The City of Altus says the increased population, chances of them hitting a plane and the negative impacts on the water were all reasons they had to euthanize the geese.

But some residents say the communication from the city and how they did this was the problem.

“It was just very hush-hush it seemed and that`s why we were so angry,” said Jen Nasluchacz, Altus resident.

Nasluchacz was shocked when she first saw posts all over Facebook this weekend about the geese that were euthanized at the Altus reservoir.

“We were very upset that they were gone and angry,” said Nasluchacz. “As the day went on, we tried to find more information and we got more upset because nothing was being told. Nothing had officially been released and that just aroused suspicion.”

She says this is a place she takes her family to enjoy the wildlife

"My son, he`s 11, he loves animals,” said Nasluchacz. “He wants to be a vet when he grows up. So, to have them not here is really upsetting because my husband and him would go fishing and if they didn't get fish that day, there was always the go to where they could feed the geese or look at the geese."

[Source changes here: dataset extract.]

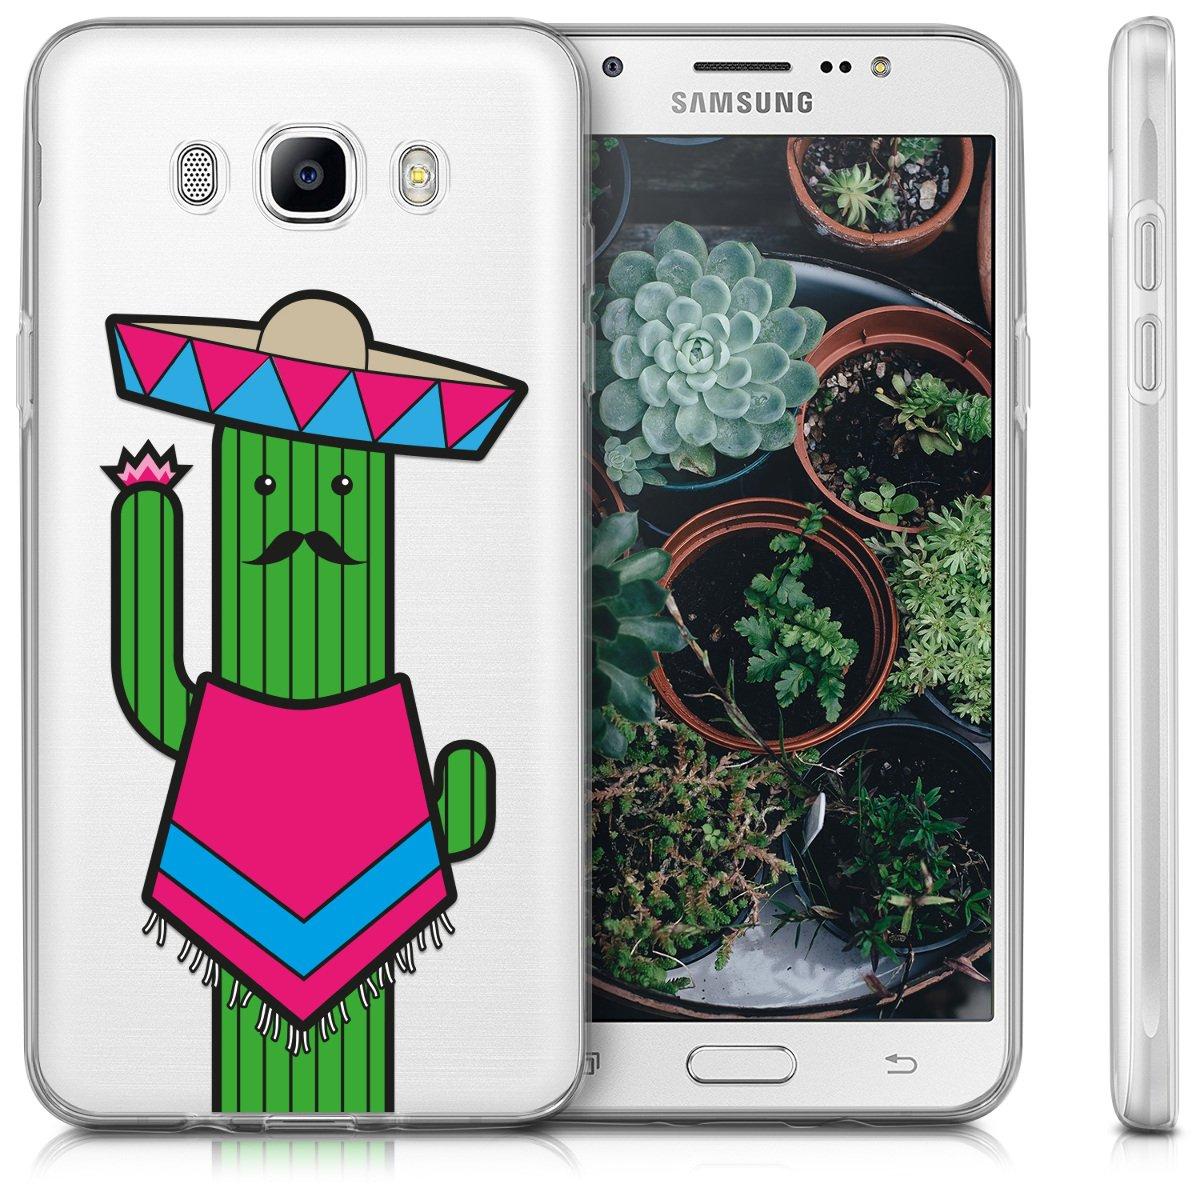 2016 - Coque pour Samsung Galaxy J7 - Housse de t/él/éphone en Silicone Or Rose m/étallique kwmobile Coque Samsung Galaxy J7 2016

Matt Wojnowski, the assistant city manager for Altus, says the number of geese was growing.

The United States Department of Agriculture said the migrating birds would likely come back if they were relocated, so the city felt humanely euthanizing them was the only choice.

“Unfortunately, that`s what occurred and we do hope that this will bring back more native wildlife to the reservoir,” said Wojnowski.

The city discussed the geese issues surrounding them at a city council meeting in May.

Nasluchacz says she wishes she had known.

"I personally feel that they could`ve let this out saying, 'Hey, we're having a meeting. The geese are a problem. Please come to the city council meeting,'” she said.